WHAT IS NEEDED: Retype the listing exactly, with no images.

SUPPLIED DATA:
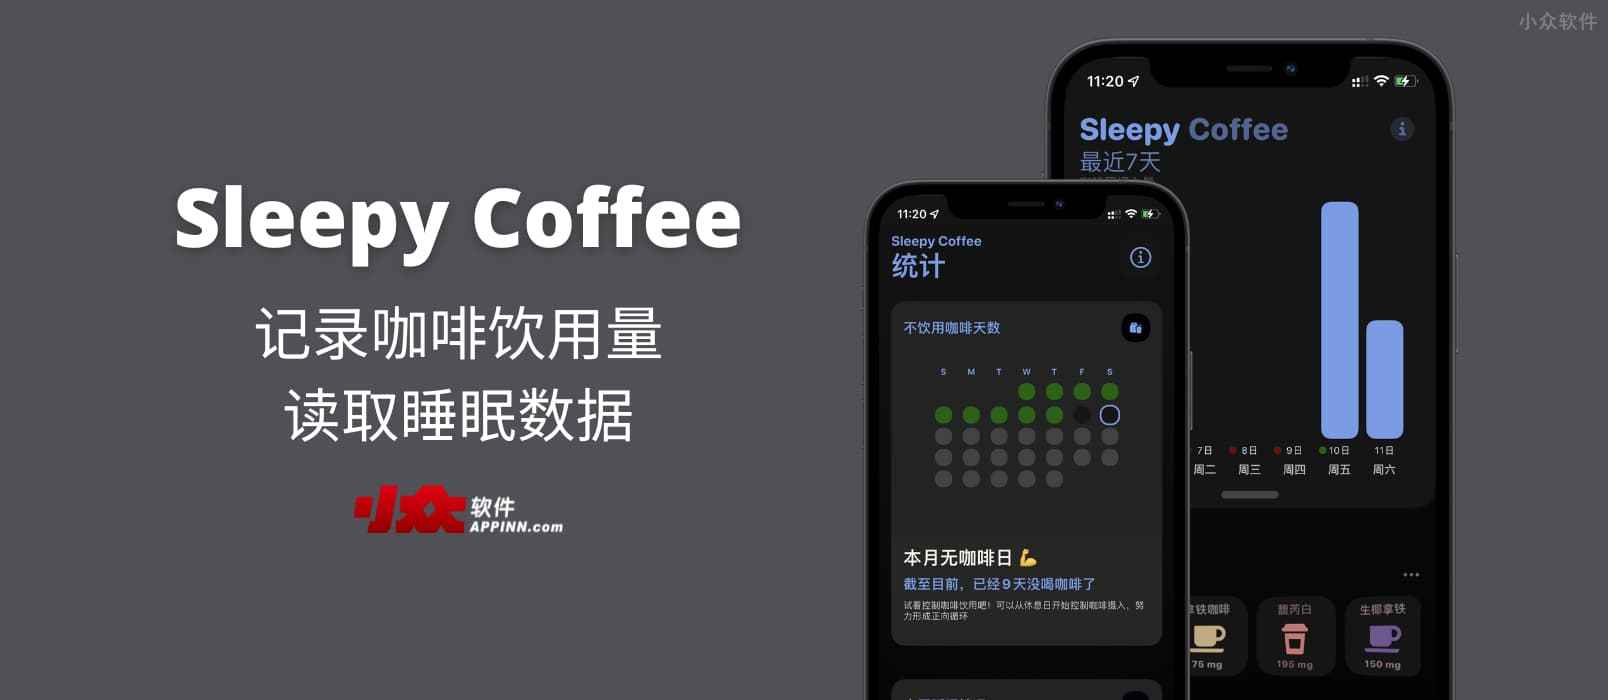 Sleepy Coffee – 记录咖啡饮用量，读取睡眠数据，揭开咖啡与睡眠的关系[iPhone]
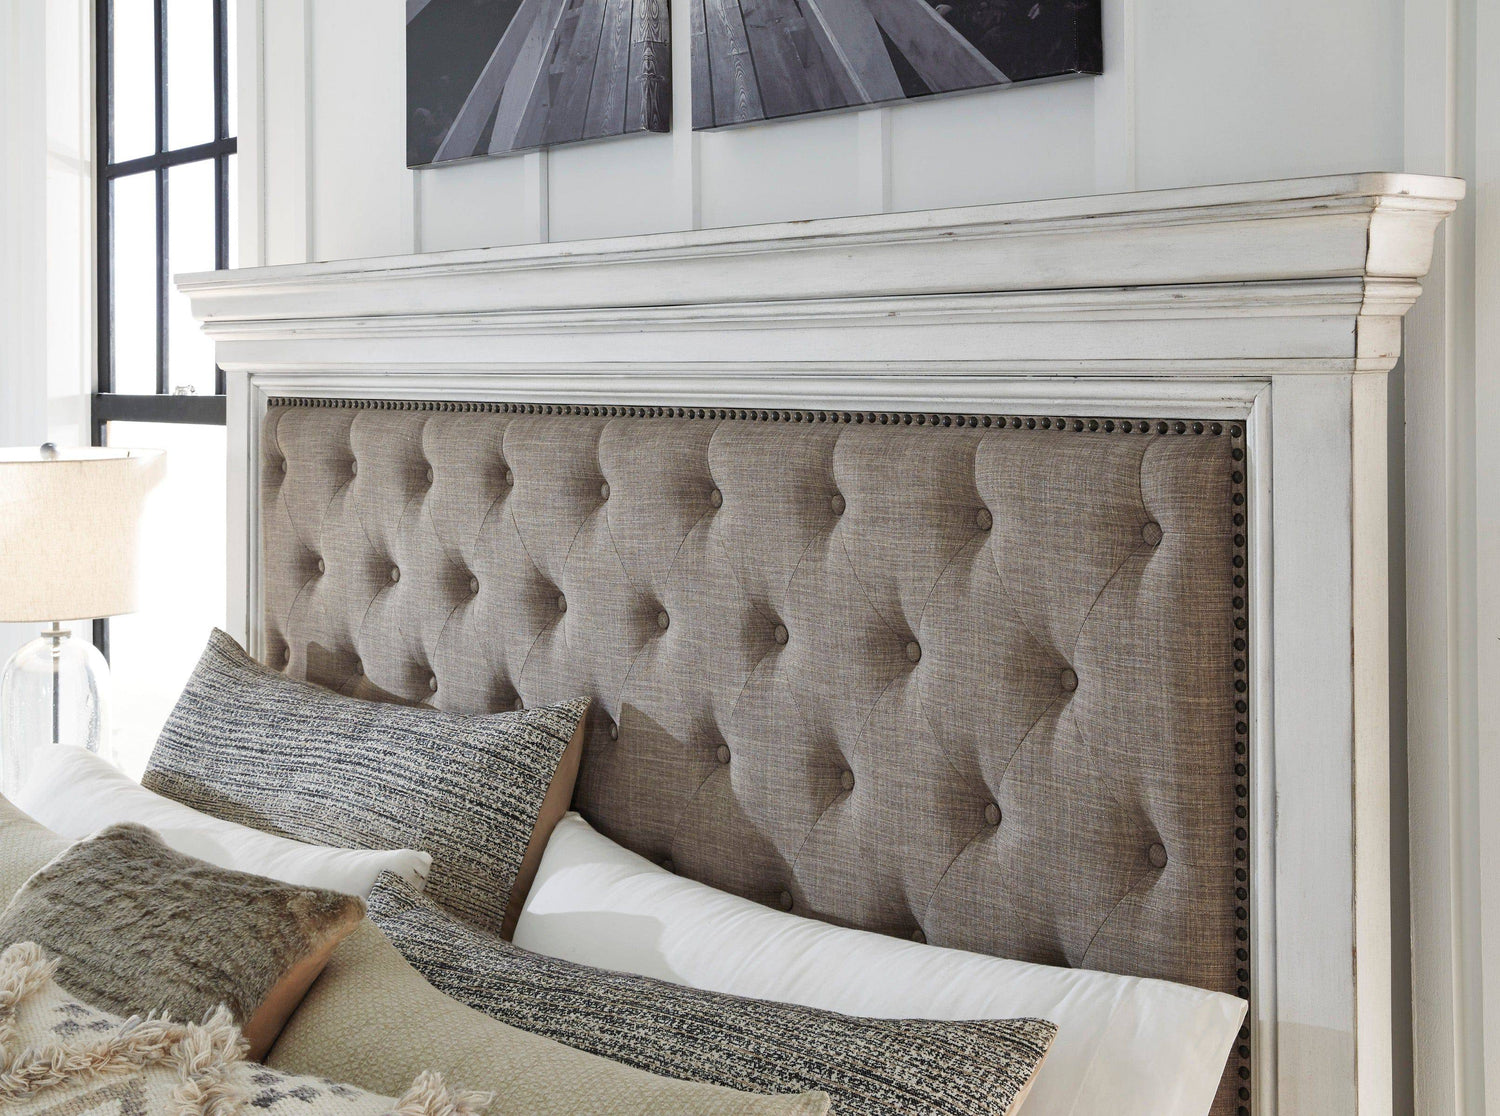 Kanwyn Whitewash Upholstered Panel Bedroom Set - Decohub Home
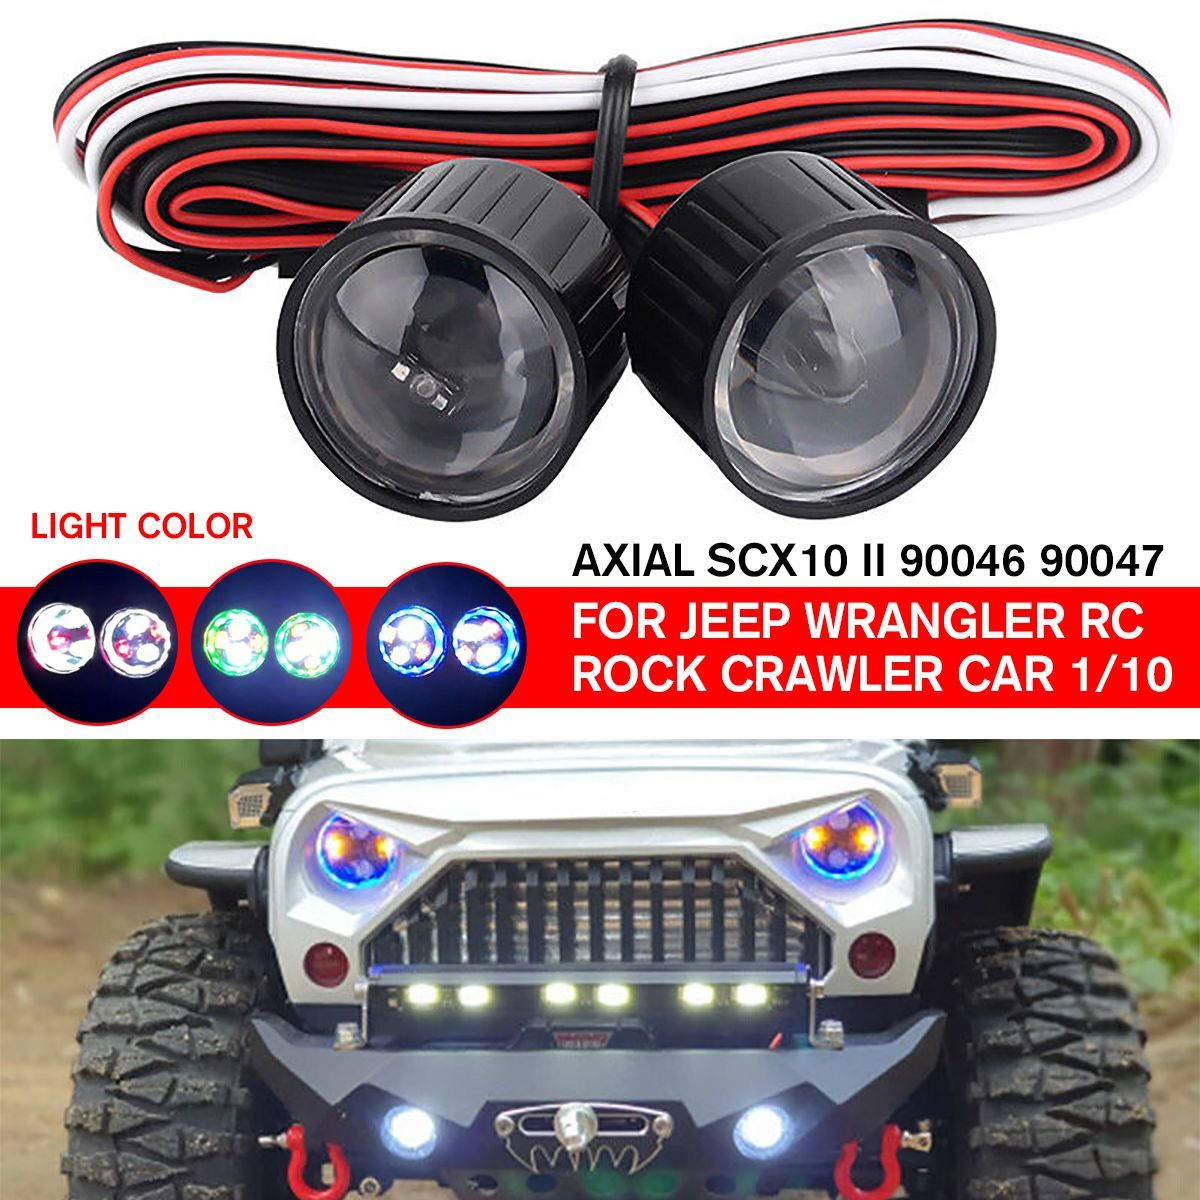 Car-LED-Headlights-for-Jeep-Wrangler-Axial-SCX10-90046-90047-110-RC-Rock-Crawler-1624580

WRITTEN RESPONSE:
 Sleepy Coffee – 记录咖啡饮用量，读取睡眠数据，揭开咖啡与睡眠的关系[iPhone]
 Kanwyn Whitewash Upholstered Panel Bedroom Set - Decohub Home
 Car-LED-Headlights-for-Jeep-Wrangler-Axial-SCX10-90046-90047-110-RC-Rock-Crawler-1624580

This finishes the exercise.